С приходом Глеба в наш класс мне пришлось заново учиться понимать ребят: почему все они так дружно встали на сторону Глеба?!
— Чацкий не слушает Софью, — открывают они. — Не видит её состояния. Он занят только тем, что чувствует сам.
— Не только Софью, он вообще не видит собеседника, иначе зачем стал бы перед Фамусовым высказывать сокровенные взгляды?
— Его одиночество закономерно, таких умных, как он, там больше нет, но разве может он один бороться с фамусовским обществом? Он мог бы убедить кое в чём Софью, Софья поумнее остальных.
— Он очень честный, этот Чацкий, и крепко держится за то, во что верит. Никто не может разрушить его взгляды.
Я молчала, ничем не помогая им, хотела, чтобы они сами поняли: комедия и о нас, какими станем мы, как проживём жизнь? Я подводила их к тому, что Чацкий — эгоист. А Глеб сознательно культивирует эгоизм, чем, безусловно, рано или поздно тоже может обречь себя на одиночество.

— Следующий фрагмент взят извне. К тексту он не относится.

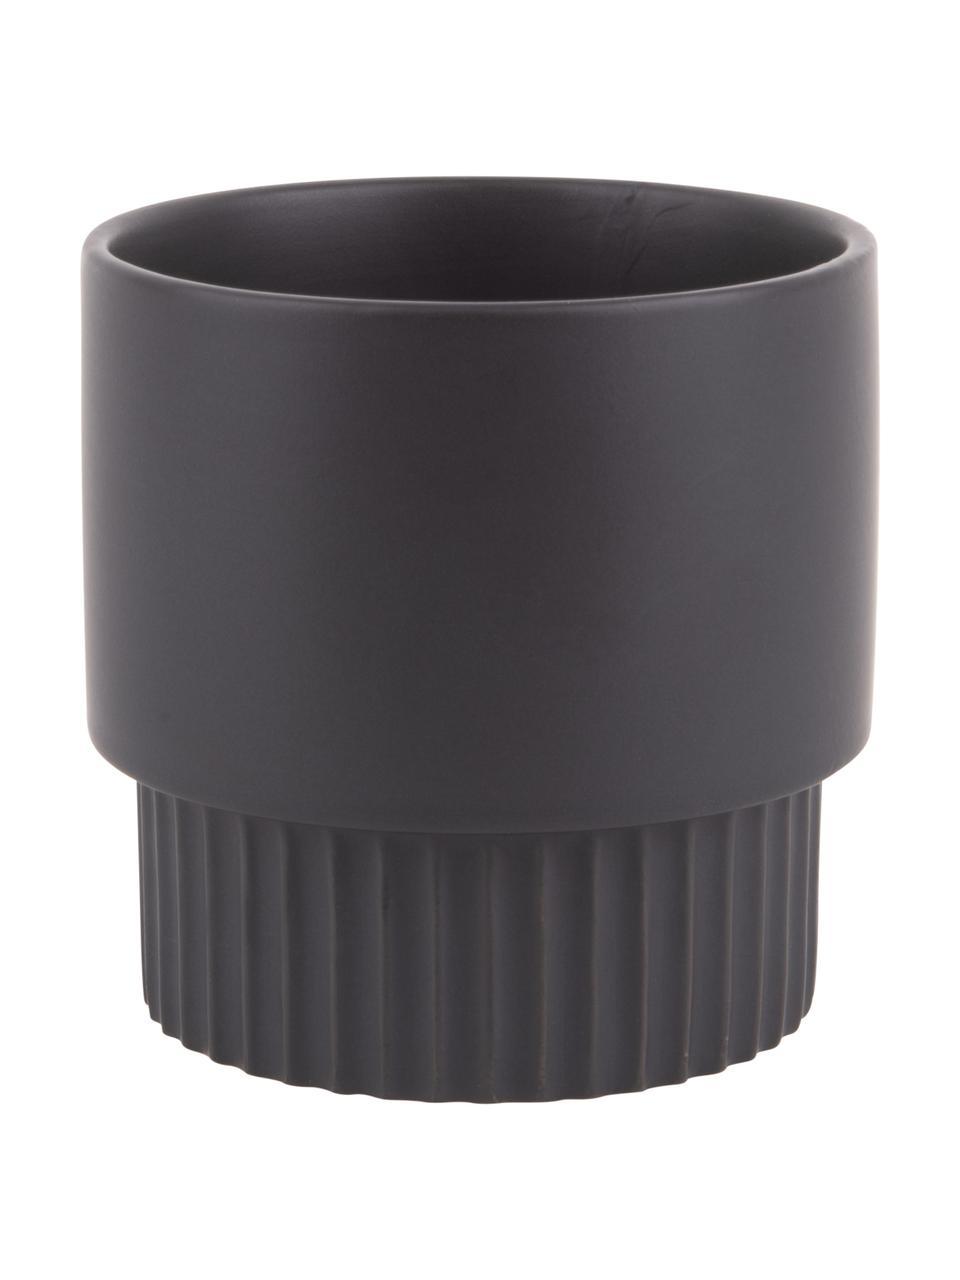 Übertopf Ribbed aus Keramik, Keramik, Schwarz, Ø 13 x H 14 cm

Мне хотелось сказать это Глебу. И ещё сказать: пусть порой сострадание и не помогает тому, у кого горе (как правило, помогает), но отсутствие его нравственно убивает самого человека.
Вместе с тем я понимала: Глеб словам не поверит. Поэтому придумала поездку в Брест.
Сначала мы встретились с пограничниками и дали им концерт.
В концерте Глеб участвовать не захотел. «Играть на гитаре я не умею, петь не умею и стихов читать не умею».
Наконец Брест. Ветер сдувал с кирпичных развалин снег, в щелях между камнями сиротливо метались сухие травинки. Разных размеров башмаки сожжённых детей, скелеты детей на фотографиях и глаза у детей — недетские, глаза — перед смертью, глухая тишина сдерживающих дыхание людей, осторожно ступающих по паркету музея, — всё это связывало нас в общий узел: мы жались друг к другу и шли медленно, вздрагивали, встречаясь с глазами погибших.
На пути к выходу нас остановил голос:
— Напишите впечатления в книгу.
Он застал нас врасплох.
Ребята недоумённо посмотрели на служителя музея — не в цирке же мы побывали — и пошли к двери, а Глеб остановился. Стоял посередине фойе сгорбившись, растерянно глядя вслед ребятам. Но вот он подошёл к книге, открыл её. Сперва долго, морщась, вчитывался в строчки записей, оглянулся на ребят, остановившихся у двери, ткнулся невидящим взглядом в меня и стал писать.
Подошли Даша с Шурой, тоже потерянные, долго разглядывали кривую запись Глеба — «Мы не забудем» — и расписались под ней.
Стали подходить другие. Читали, ставили свою подпись — и оставались подле Глеба, словно ждали ещё чего-то.
Я поняла, что поступила с ними жестоко: вырвала их из сегодняшней спокойной зимы, когда они ещё полны впечатлениями от встреч с пограничниками, когда в руках значки и проспекты о Беловежской пуще, кинула в прошлую беду, лично для меня живую.